Auch wenn die Reso­nanz an man­chen Tagen hoch ist, so ist der Bank­stil-Blog, so wie fast jeder Blog, ein Nischen­me­di­um, oder ein Micro­me­di­um, d.h. der Blog erreicht nur eine über­schau­ba­re Zahl von Lesern. Zudem kann ein Micro­me­di­um, wie ein Blog, kei­ne Recher­che wie Macro­me­di­en betrei­ben. Hier­für feh­len schlicht die Res­sour­cen. Zu den Macro­me­di­en zäh­len der­zeit noch Zei­tun­gen, Rund­funk und Fern­se­hen. Es ist auch nicht die Absicht des Blogs, Kam­pa­gnen anzu­stos­sen. Das geht weit über die Mög­lich­kei­ten eines Fach­blogs hin­aus, was auch kei­nes­falls tra­gisch ist.
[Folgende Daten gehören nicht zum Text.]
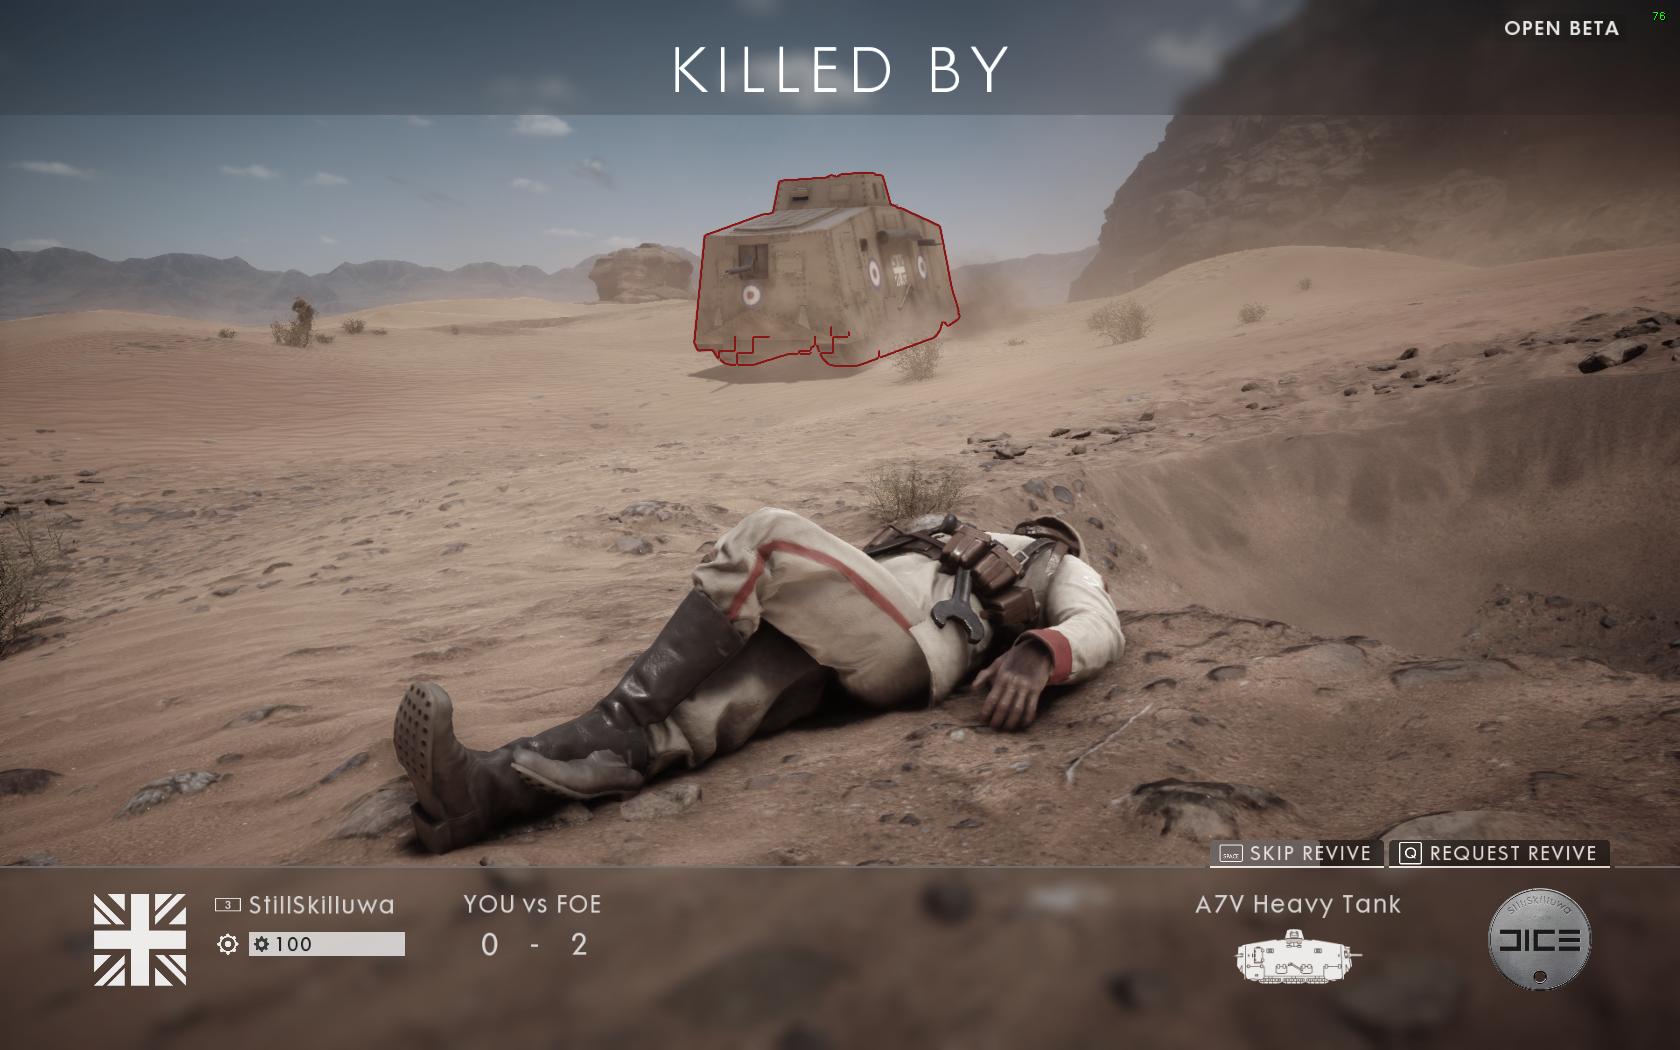 Dojmy z hraní otevřené bety Battlefield 1 129863

Die Auf­ga­be, The­men in der Öffent­lich­keit bekannt zu machen, zu plat­zie­ren und, wenn mög­lich, mit inten­si­ver Recher­che zu beglei­ten, ist und bleibt die Auf­ga­be von Macro­me­di­en. Blogs kön­nen hier nur als Kor­rek­tiv und Stich­wort­ge­ber fun­gie­ren. Künf­tig wer­den wir jedoch Macro­me­di­en benö­ti­gen, die auf gemein­nüt­zi­ger Basis agieren.